(DATA EXCERPT Opens)
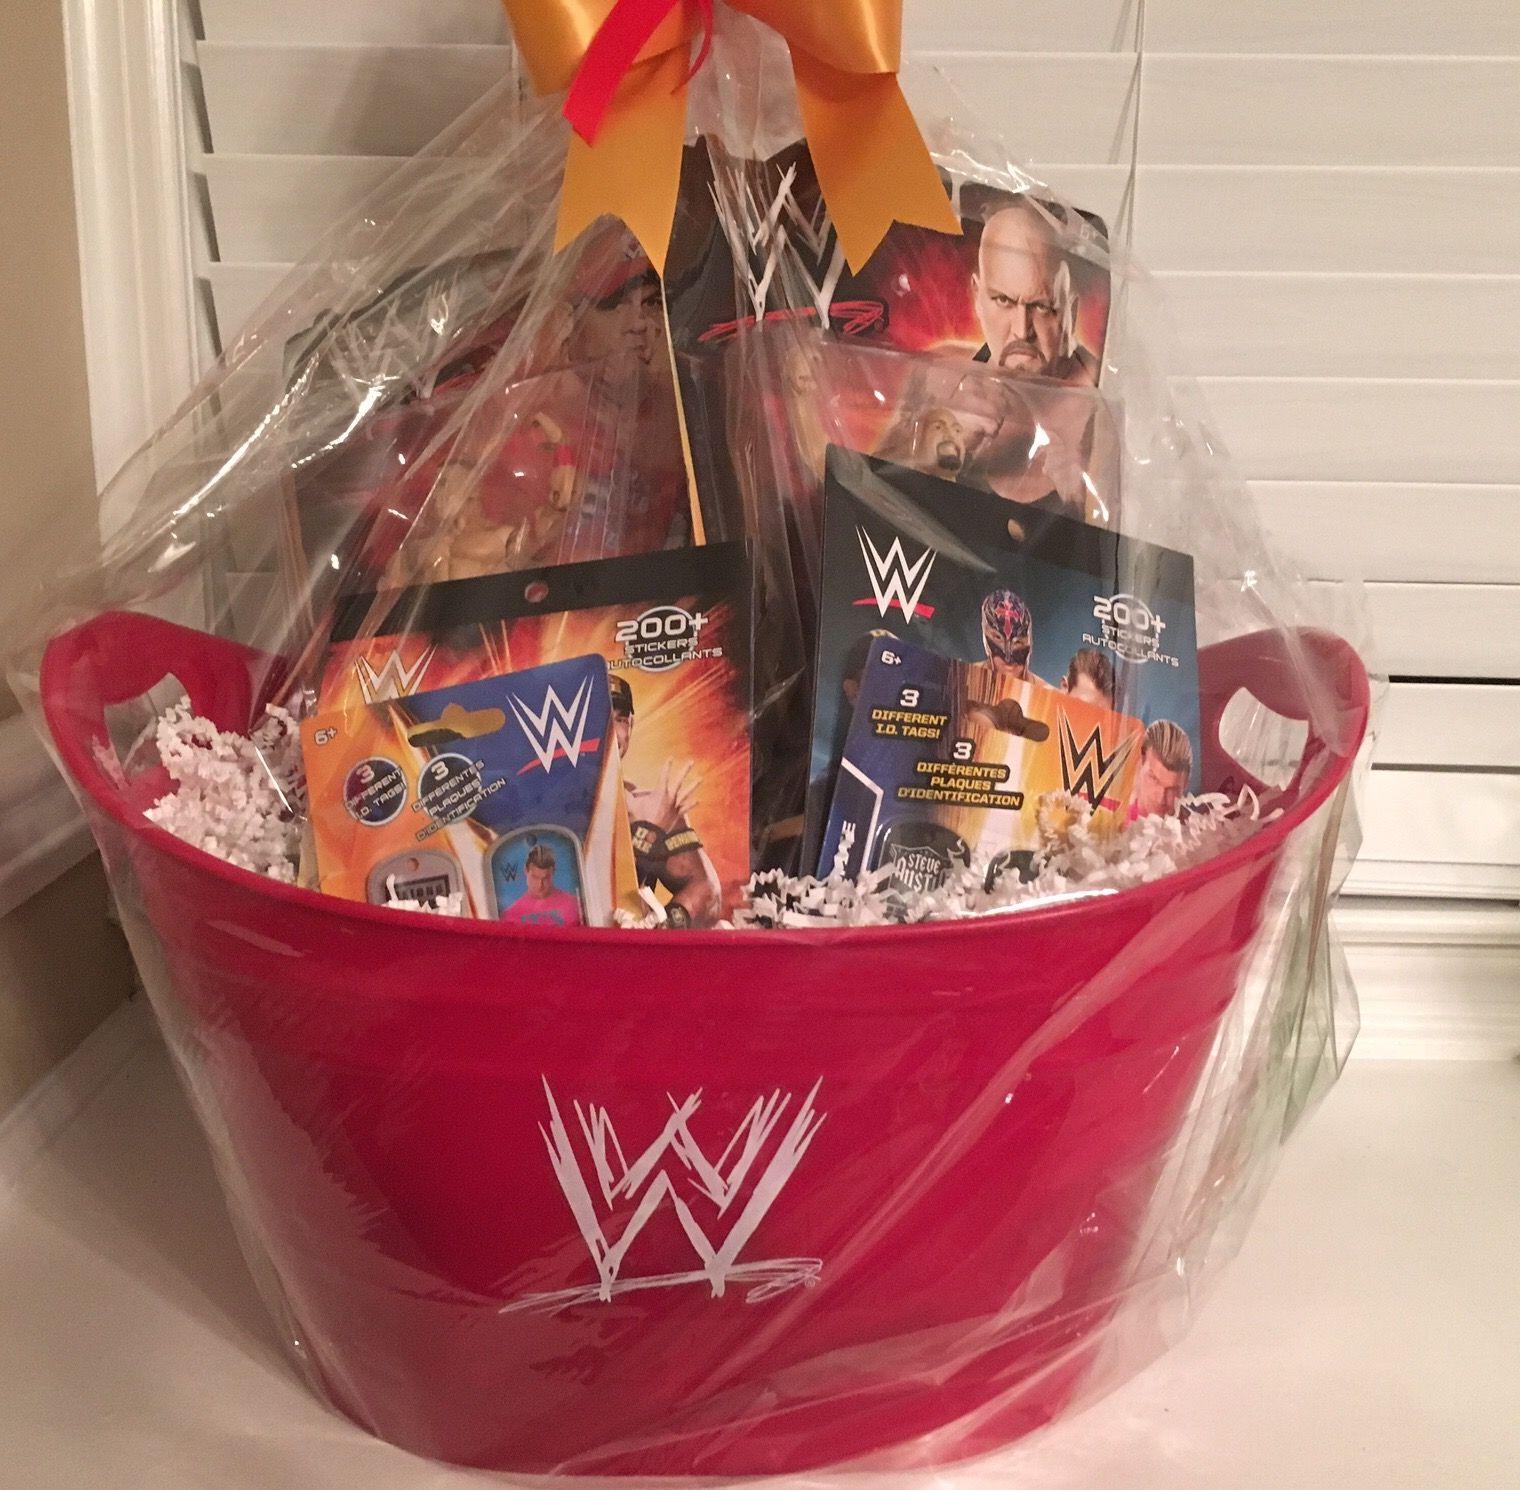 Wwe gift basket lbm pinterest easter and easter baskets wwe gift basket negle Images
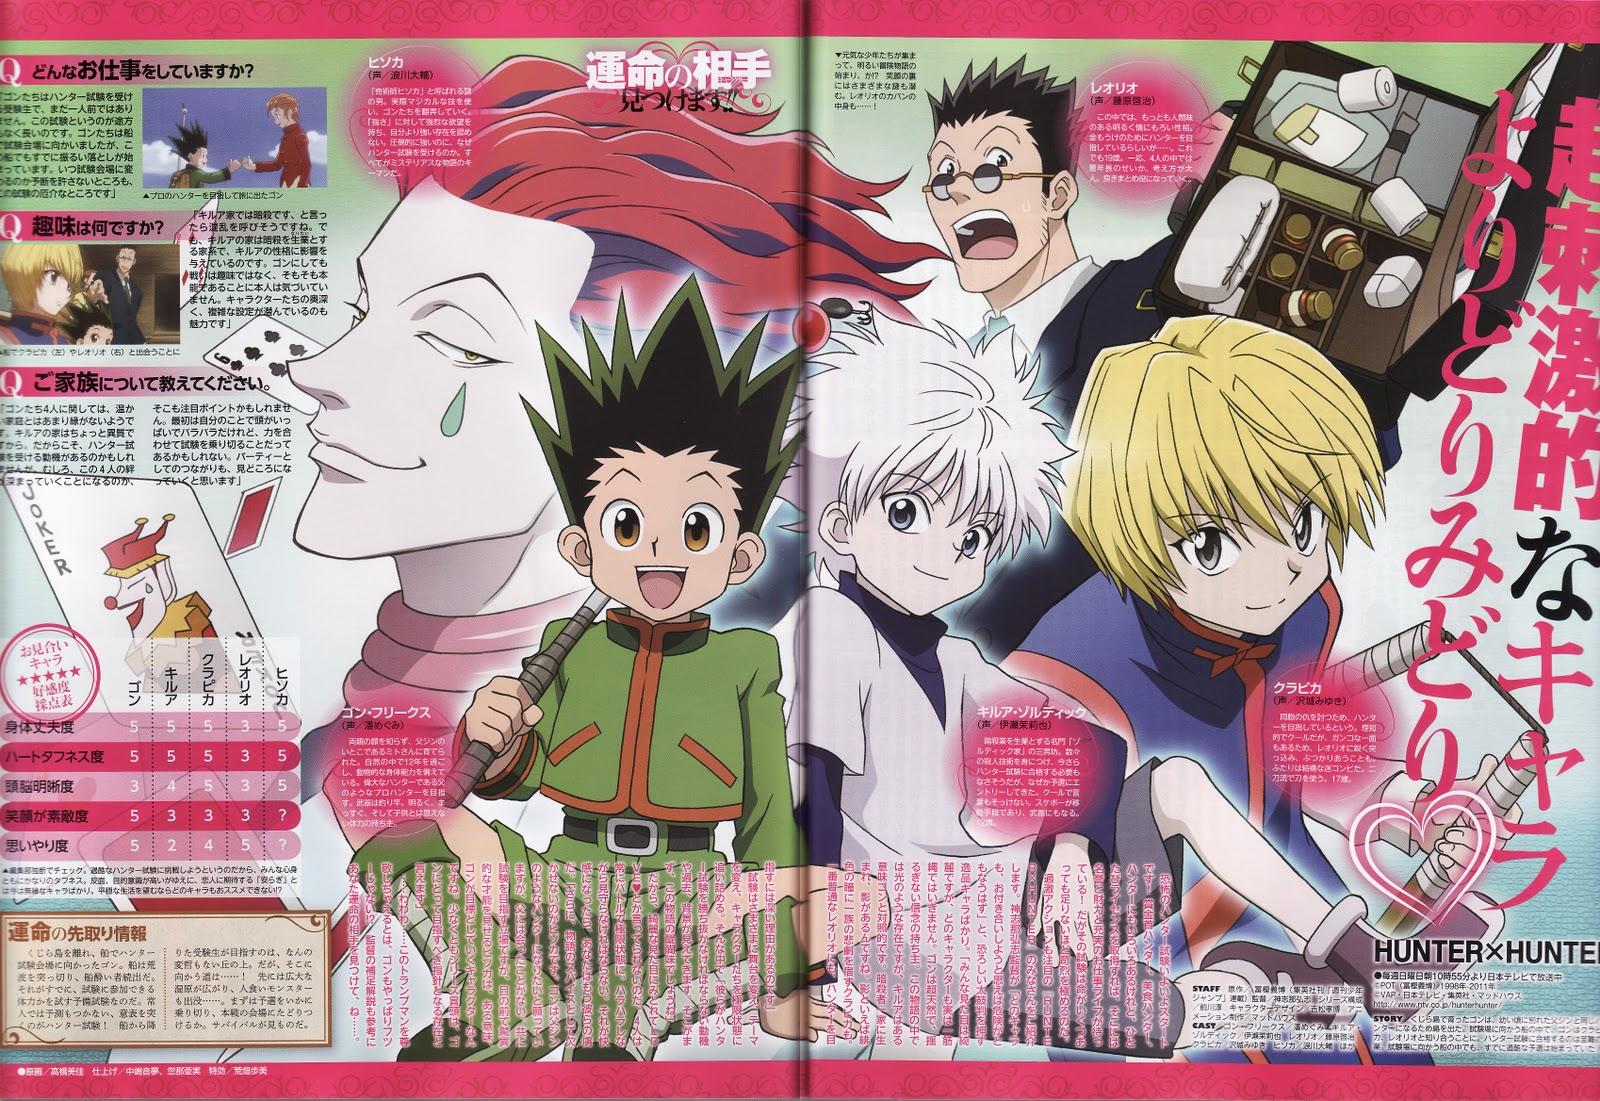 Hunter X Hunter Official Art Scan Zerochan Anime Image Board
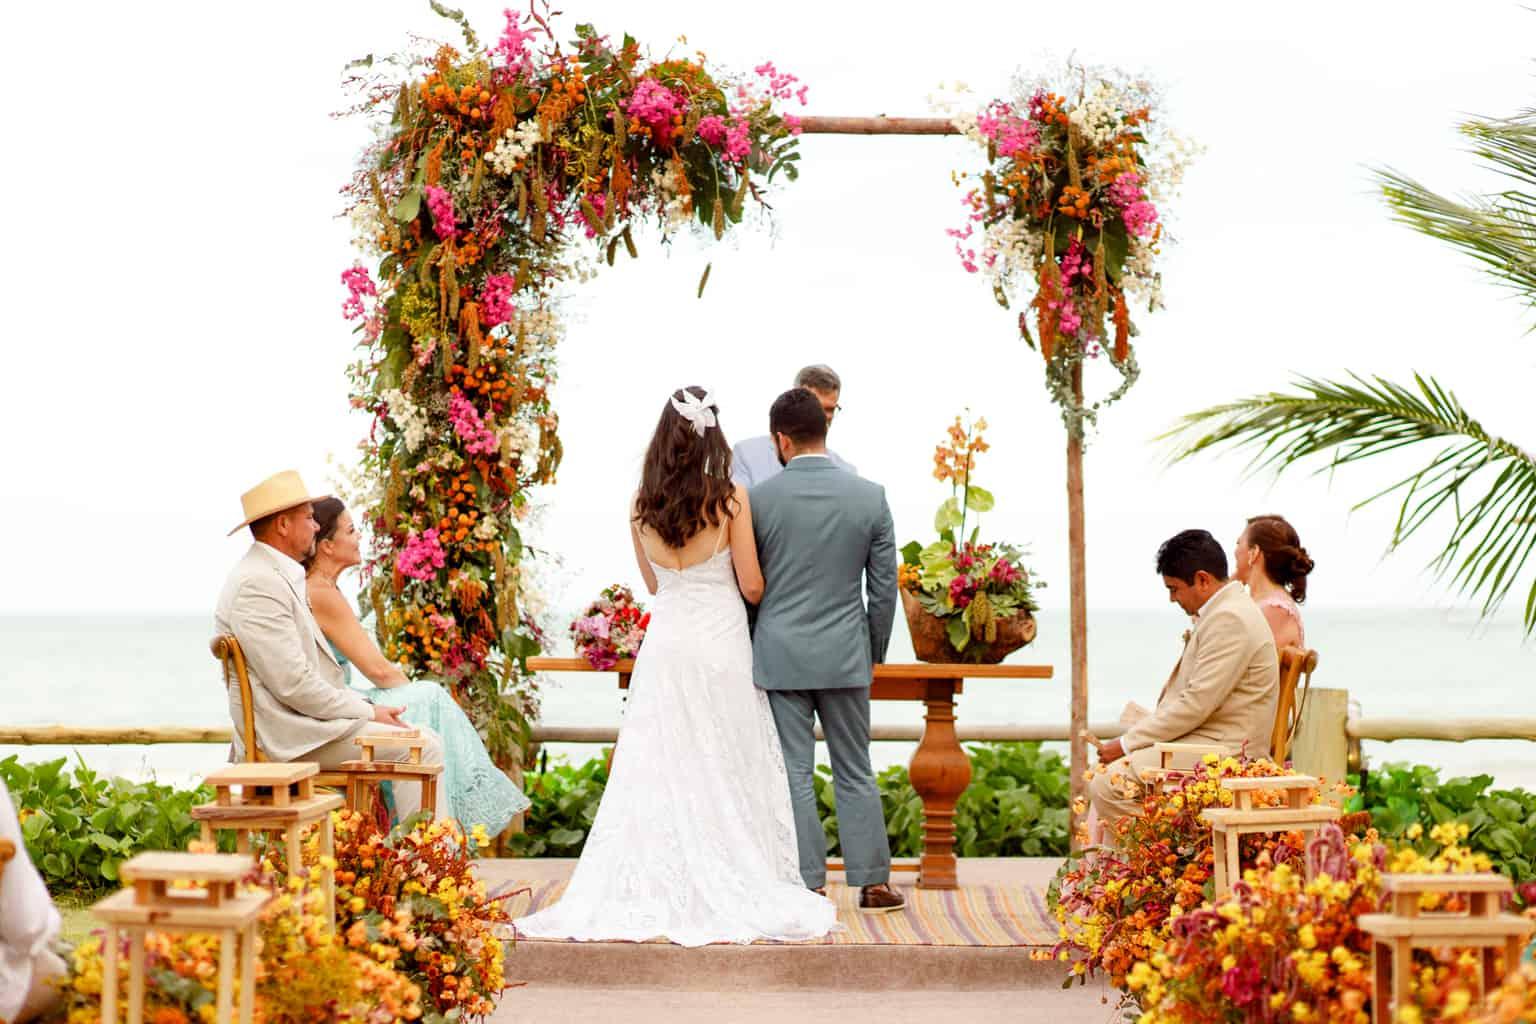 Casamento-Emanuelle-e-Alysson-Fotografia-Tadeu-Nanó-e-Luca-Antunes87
(DATA EXCERPT Closes)
# ACTION ITEM
Reproduce all of the material exactly, apart from the pictures.

# SOLUTION FOR THIS PROBLEM
 Wwe gift basket lbm pinterest easter and easter baskets wwe gift basket negle Images
 Hunter X Hunter Official Art Scan Zerochan Anime Image Board
 Casamento-Emanuelle-e-Alysson-Fotografia-Tadeu-Nanó-e-Luca-Antunes87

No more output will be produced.